The far longer duration of urinary retention in our cat population compared with the human case series might be owing to the fact that the owners were instructed to express the urinary bladder every 8 h, until the cats showed a normal eliminatory behaviour. This means that the urinary retention may have resolved earlier than 4 weeks. The passive voiding delayed the beginning of the spontaneous micturition, and may have resulted in us overestimating the duration of the urinary retention.
Another possibility is the occurrence of a long-lasting PS, characterised only by urinary retention, as described in humans. 19
This previously unreported postictal abnormality in cats has a favourable prognosis if recognised and managed appropriately.

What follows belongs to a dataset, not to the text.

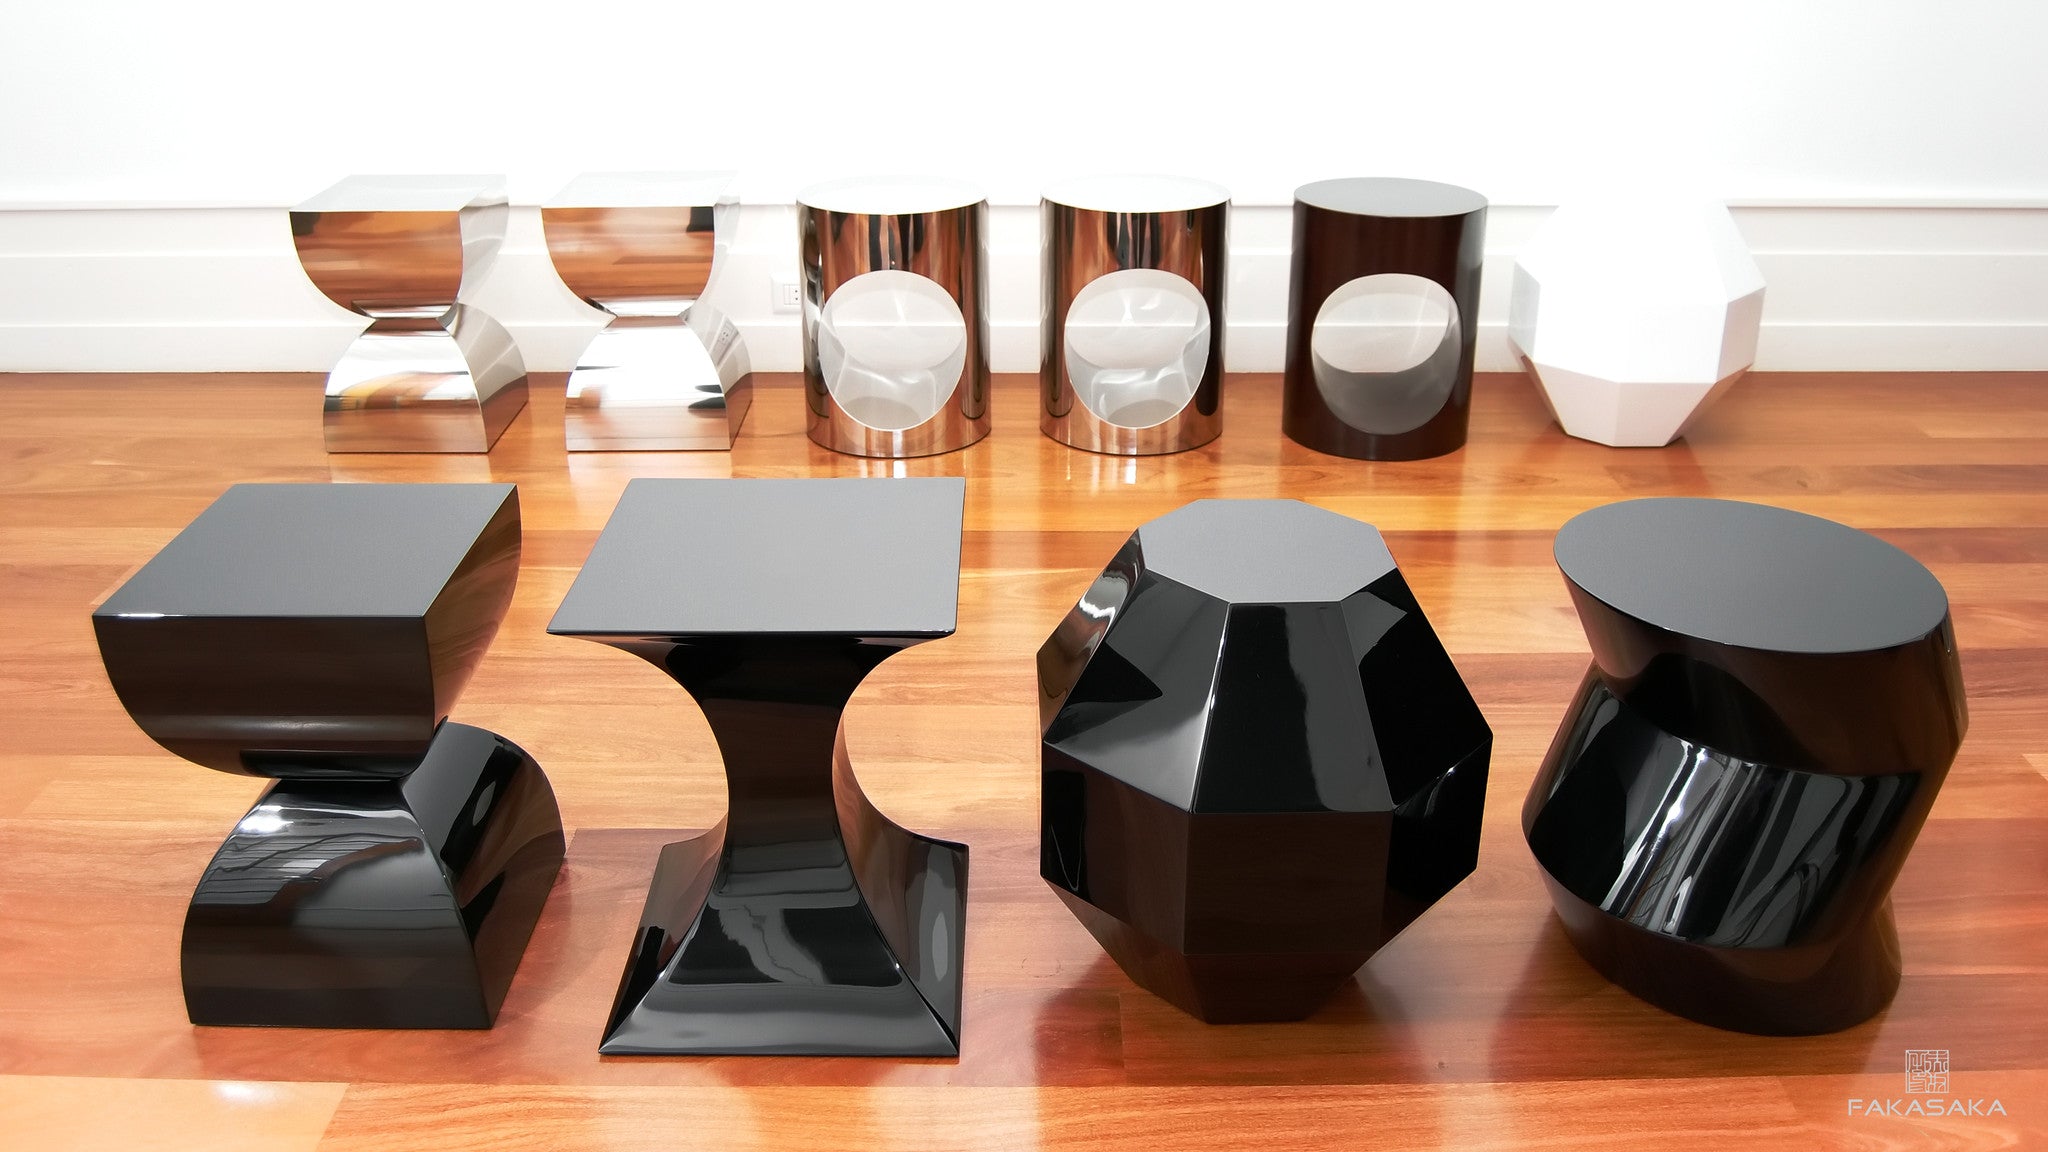 FA5<br><br>STOOL / SIDE TABLE / DRINK TABLE <br><br>LACQUER BLACK
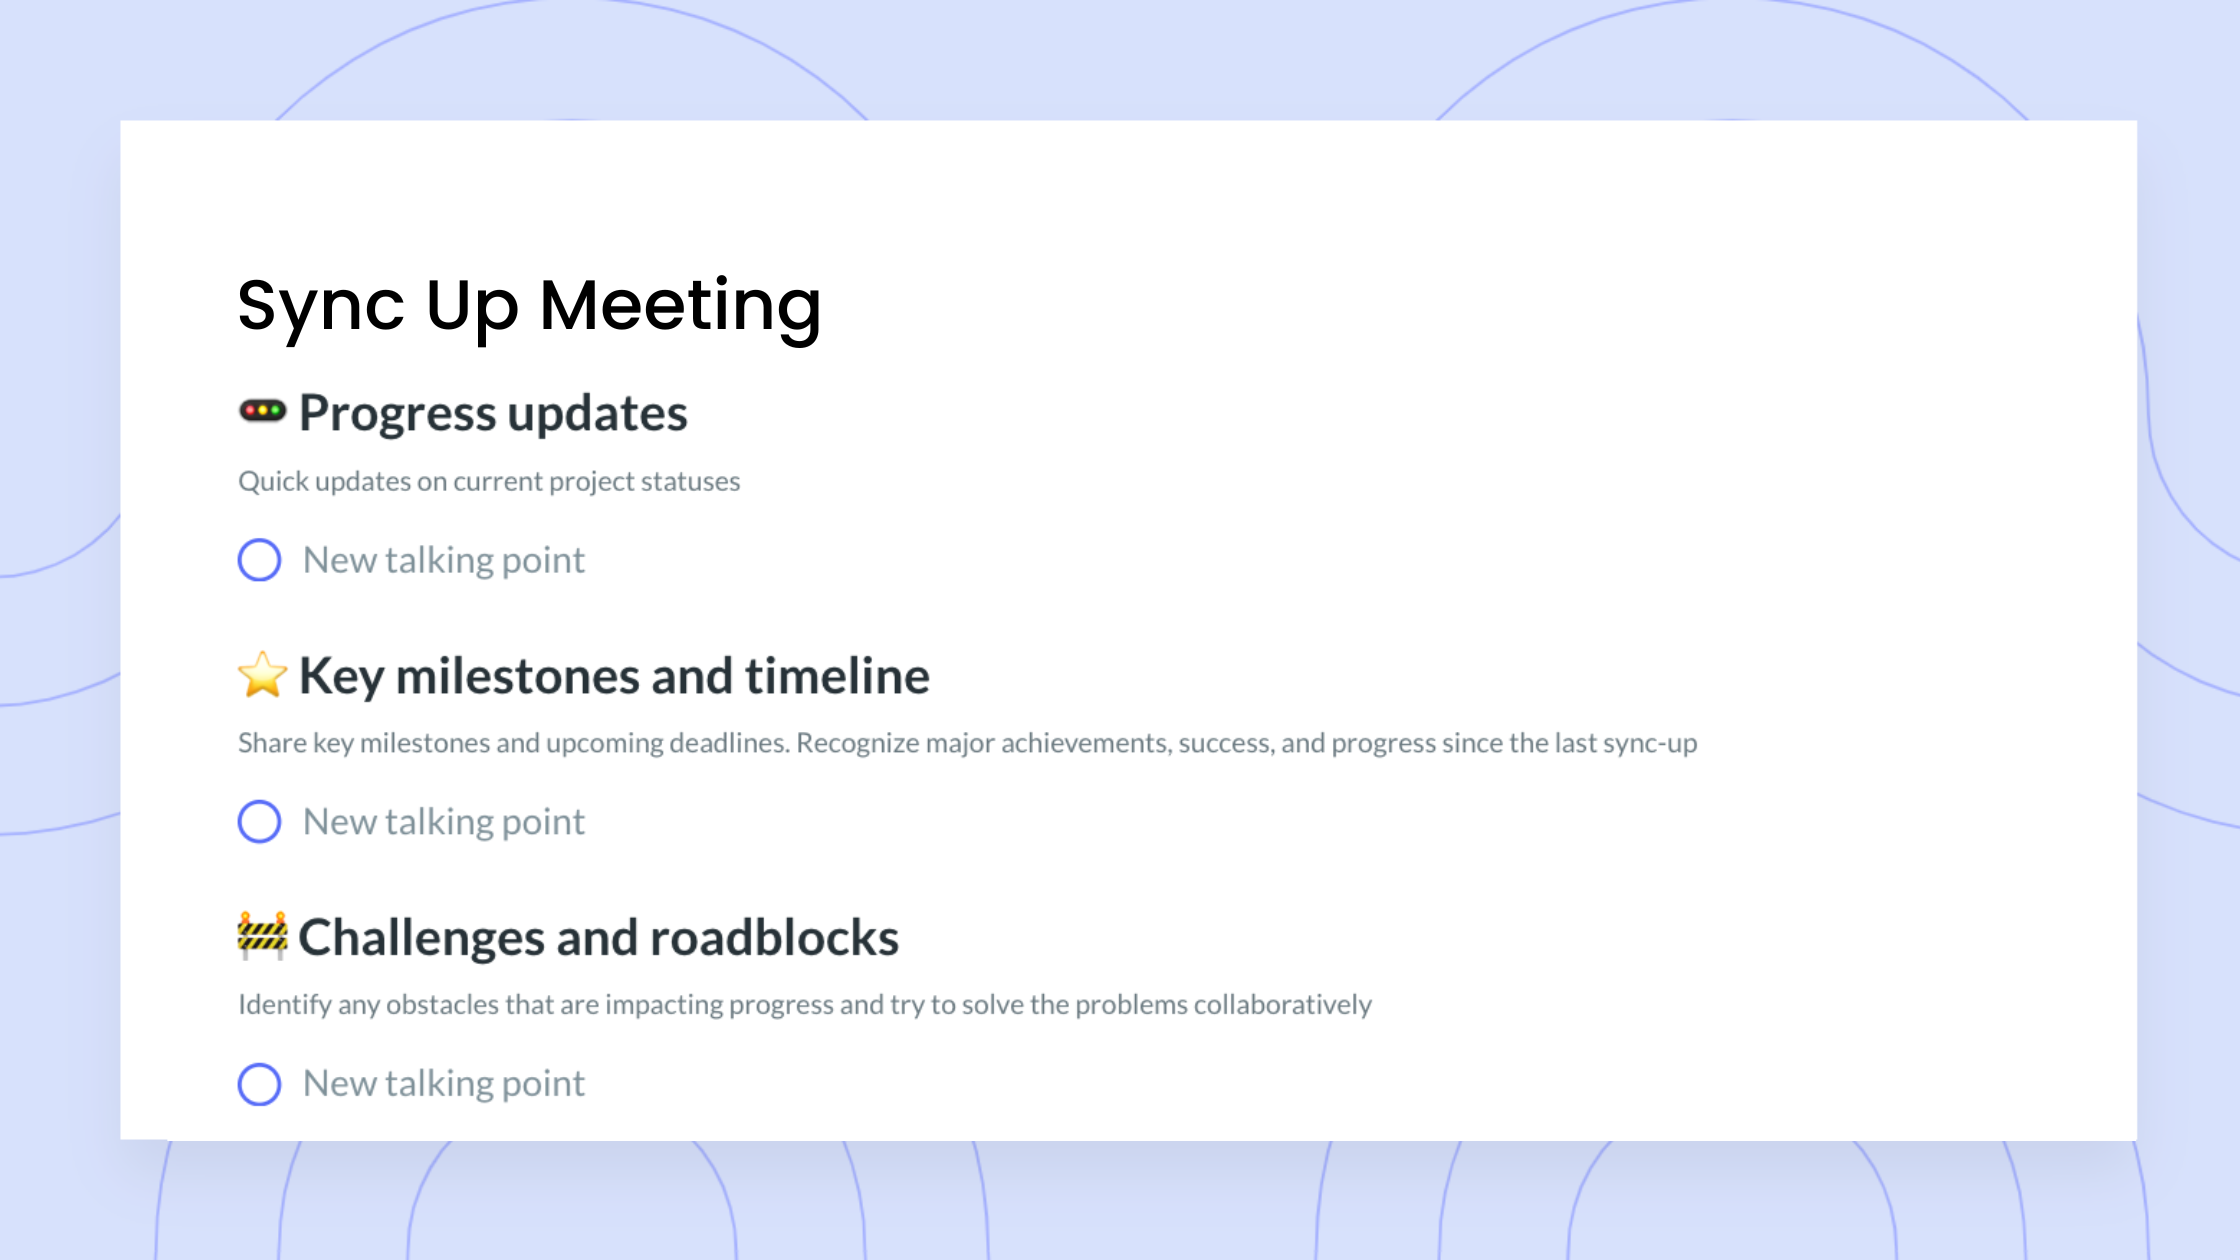 Sync Up Meeting Agenda Template

We speculate that this postictal abnormality may be unreported because it is uncommon, as per human literature, and potentially associated with severe cluster seizures only. This unreported postictal abnormality should be differentiated from a urinary tract disorder.
Conclusions
We report four cats with postictal transient neurogenic urinary retention following severe cluster seizures. All cats recovered normal urinary function and toileting behaviour within 4 weeks of the last cluster of seizures. We recommend monitoring of micturition in cats with severe cluster seizures and informing their owners that urinary retention may occur. Even if transient, it is necessary to diagnose and treat neurogenic urinary retention promptly to avoid secondary urinary tract infections and detrusor muscle atony.
Footnotes
Conflict of interest
The authors declared no potential conflicts of interest with respect to the research, authorship and/or publication of this article.
Funding
The authors received no financial support for the research, authorship and/or publication of this article.